Study reveals poor immunity against SARS-CoV-2 BQ.1.1 and XBB mutants in Norway

By Neha MathurReviewed by Aimee MolineuxJan 9 2023

In a recent study posted to the bioRxiv* preprint server, researchers conducted a seroprevalence study in the general population of Norway. They evaluated immunity against multiple subvariants of severe acute respiratory syndrome coronavirus 2 (SARS-CoV-2) Omicron variant of concern (VOC), including XBB and BQ.1.1 mutants.

*Important notice: bioRxiv publishes preliminary scientific reports that are not peer-reviewed and, therefore, should not be regarded as conclusive, guide clinical practice/health-related behavior, or treated as established information.

Background

Before the surfacing of Omicron in November 2021, SARS-CoV-2 infections among Norwegians remained relatively low due to high vaccination rates. Almost 90% of above 18-year-olds and over 65-year-olds had received a minimum of two and three doses of vaccines, respectively, by September 2022. Omicron and its subvariants drove three new waves of coronavirus disease 2019 (COVID-19) starting in November 2021. Consequently, most Norwegians acquired immunity against SARS-CoV-2.

An assessment of the susceptibility of emerging SARS-CoV-2 variants to prior infection and vaccine-induced immunity could help predict strains with the highest potential to become predominant.

About the study

In the present study, researchers evaluated neutralizing antibodies (nAbs) against recently emerged Omicron isolates BA.2/BA.5, BF.7, BA.2.75/BA.2.75.2, BR.1 and highly transmissible recombinant mutants, BQ.1.1, and XBB.

They collected sera from two cohorts, the first comprising recipients of three doses of a messenger ribonucleic acid (mRNA) vaccine and the second having individuals with breakthrough infections (BTIs) from BA.5, BA.2, or BA.1 Omicron subvariants three to four weeks after vaccination or BTI. Additionally, they evaluated nAbs against three Omicron subvariants, BQ.1.1, XBB, and BA.5, in serum samples of a cohort of 32 individuals collected in October 2022. Their mean age was 42.6 years, and 78% were females. The team cultured and passaged the viral isolates with immune-evading mutations in VeroE6 cells twice. Using the second passaged viral isolate helped the researchers ensure the variant genotype.

Study findings

Sera from mRNA-vaccinated people combated Omicron subvariants BA.2 and BA.5; however, its neutralizing activity reduced substantially slightly against BA.2.75.2, BF.7, and BR.1. Likewise, neutralizing levels had markedly reduced against BQ.1.1 and XBB, the newer Omicron recombinant mutants. Compared to the vaccinated-only cohort, sera from individuals with BTIs with the Omicron subvariants, BA.1, BA.2, or BA.5 had higher neutralizing activity against all tested newly emerged Omicron variants. Though individuals with BA.1/BA.2 BTIs showed good neutralizing activity against BA.2.75, BA.2.75.2, and BR.1, BF.7 Omicron subvariants; XBB and BQ.1.1 mutants remained highly resistant even to their sera.

Likewise, sera from 20 of 30 individuals in the other cohort had markedly low nAbs against BQ.1.1, especially XBB. Of 32, only individuals had neutralizing titers >64 against BQ.1.1, and XBB appeared more resistant to elicited antibody responses. Thus, only four of 32 individuals had neutralizing antibody titers >64 against XBB.
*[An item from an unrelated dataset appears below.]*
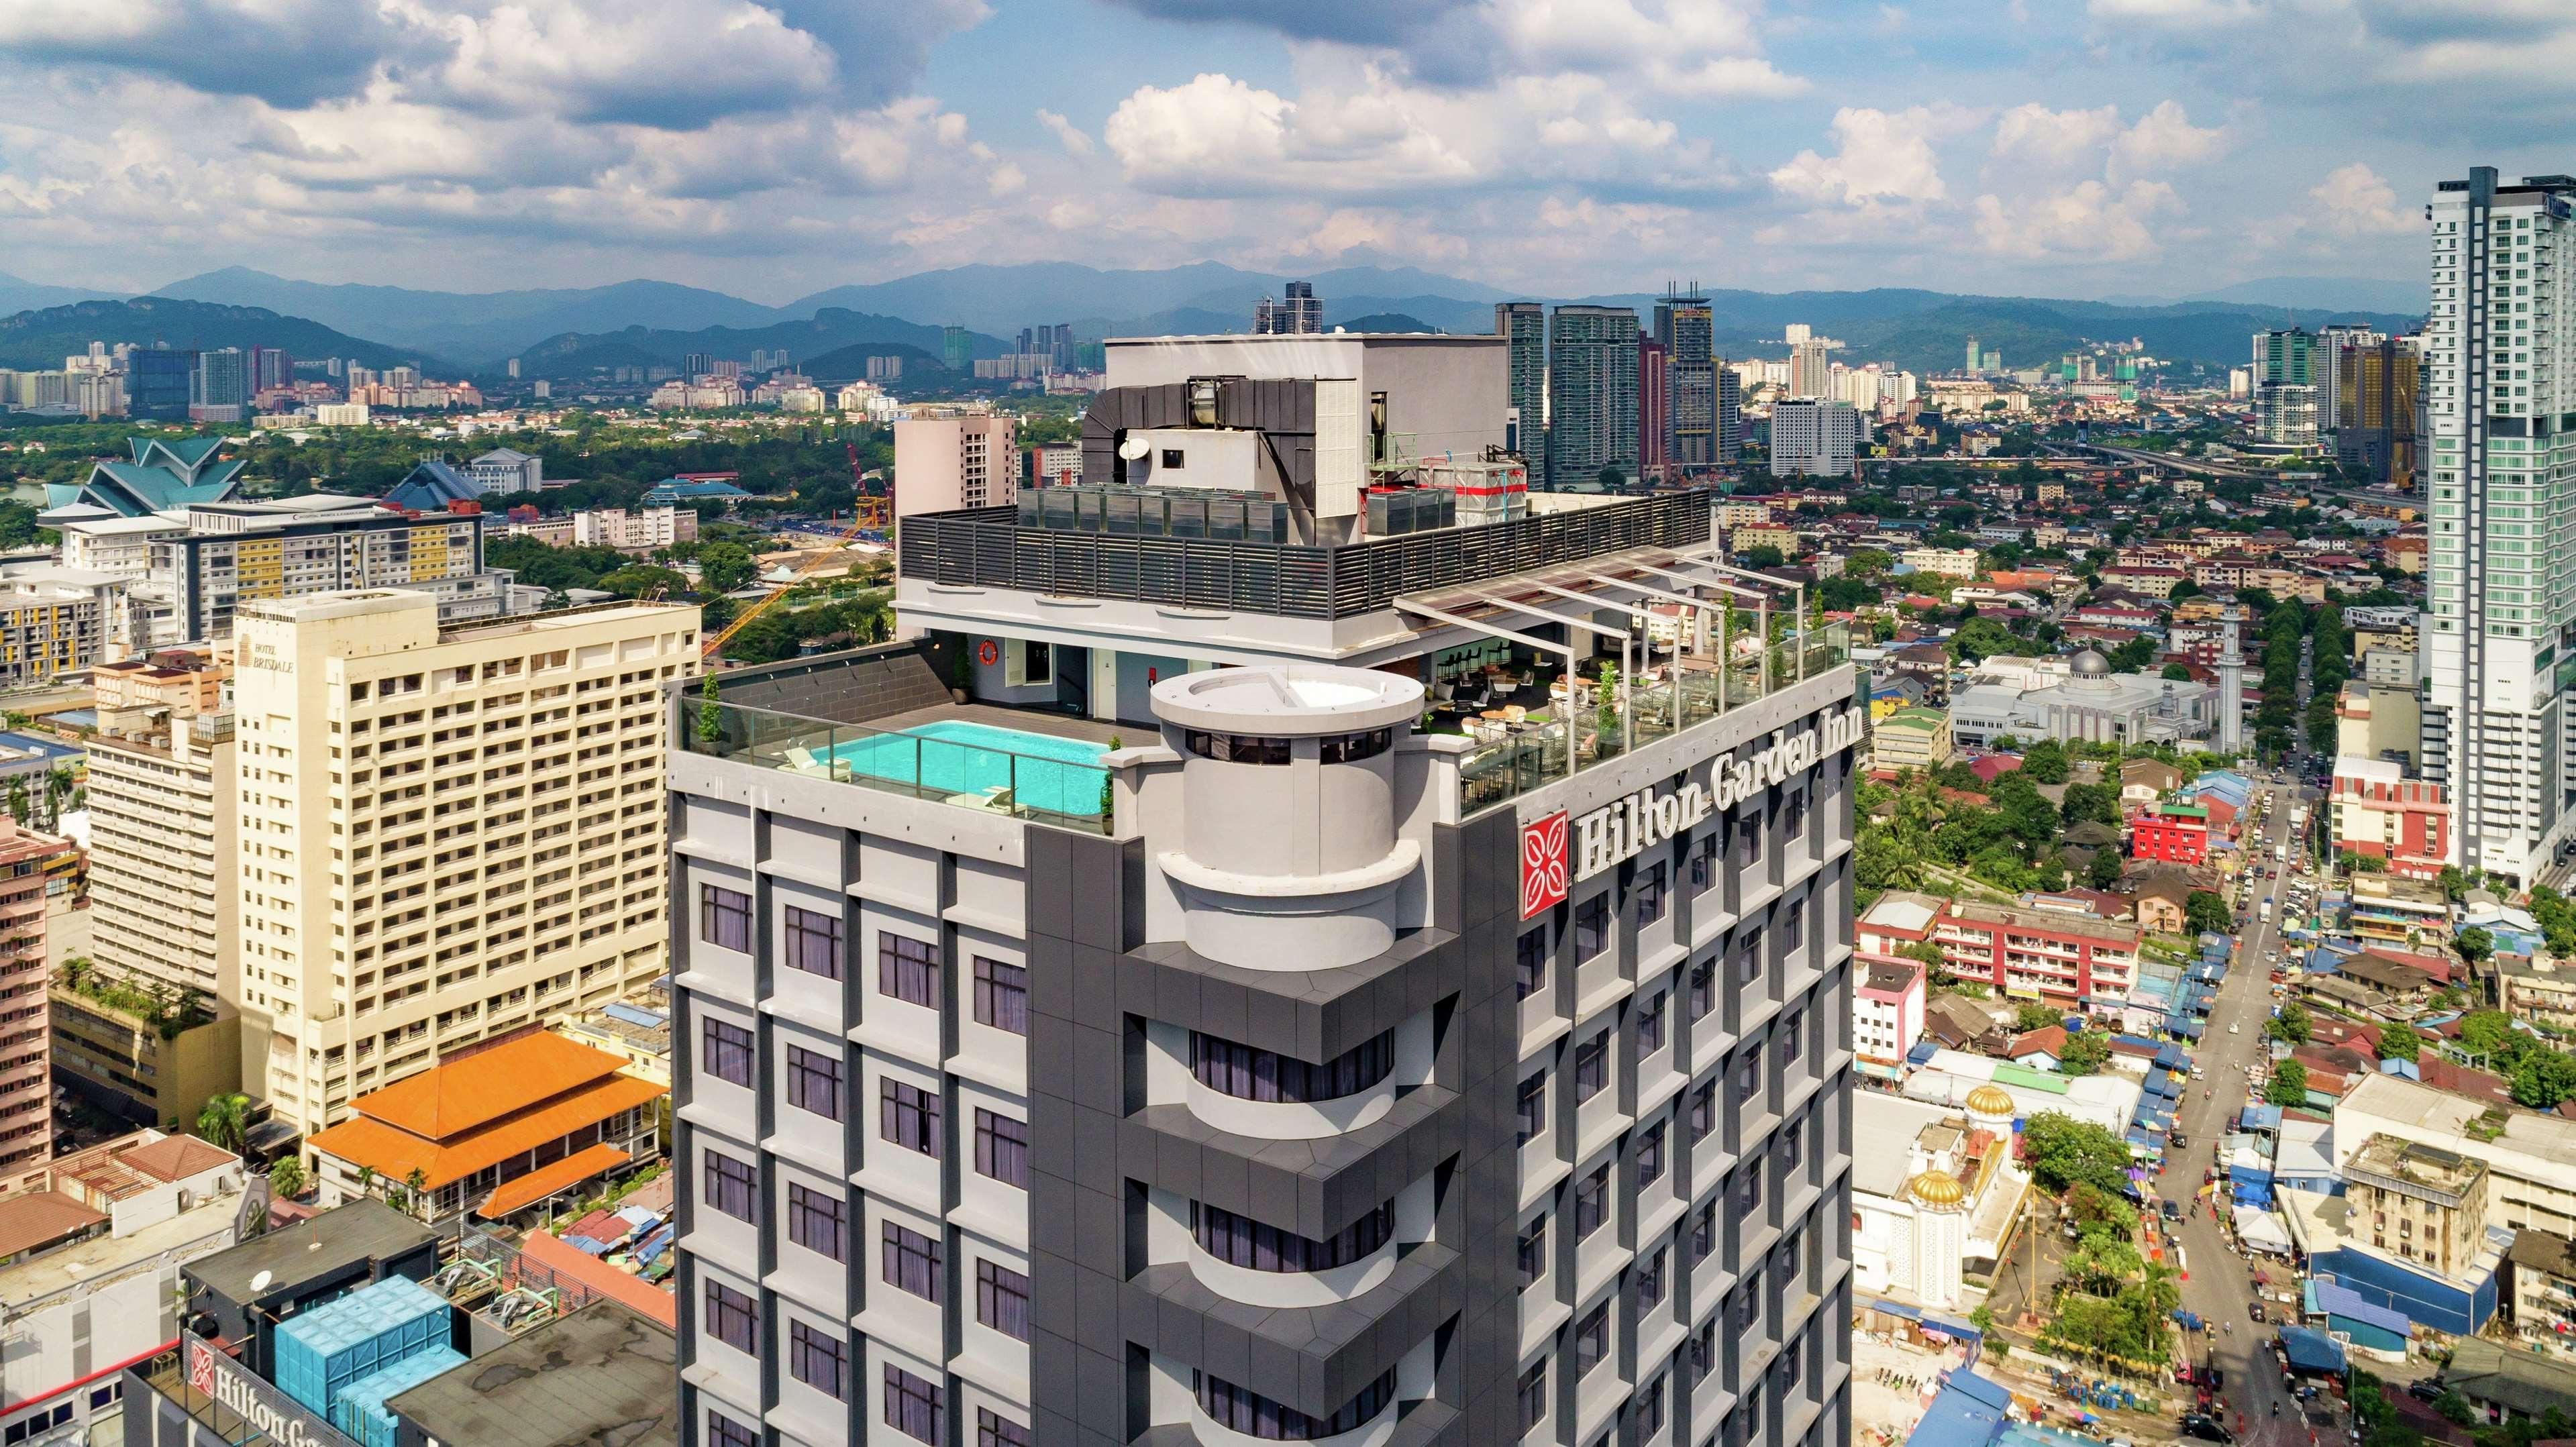 Hilton Garden Inn Kuala Lumpur South Tower, Kuala Lumpur

Studies have established that neutralizing antibodies protect against SARS-CoV-2. However, neutralizing titers that confer adequate protection differ with the type of assay used for assessment. Gilbert et al., using a pseudotype assay, found a 91% reduced risk of contracting COVID-19 (only symptomatic) with neutralizing titers of 100 during a follow-up time window of 100 days. However, Dimeglio et al., using a live virus assay, found a 94% reduced risk of both symptomatic and asymptomatic COVID-19 cases with a neutralizing titer ranging between 64 to 128 during prolonged 275 days follow-up time.

Conclusions

To summarize, individuals with BA.5 than BA.1/BA.2 BTIs in Norway had higher neutralizing titers against XBB and BQ.1.1, most likely because of the smaller time interval since the previous infection. Since December 2022, BQ.1 and its derivative BQ.1.1 lineage have become predominant in Norway. Thus, per the current study findings, individuals with recent BA.5 BTIs might likely remain protected against these variants. However, since immunity against XBB, Omicron BA.2-derived recombinant mutant has become lower, this variant and its derivatives might lead to new waves of COVID-19 in the coming winter season in Norway.

*Important notice: bioRxiv publishes preliminary scientific reports that are not peer-reviewed and, therefore, should not be regarded as conclusive, guide clinical practice/health-related behavior, or treated as established information.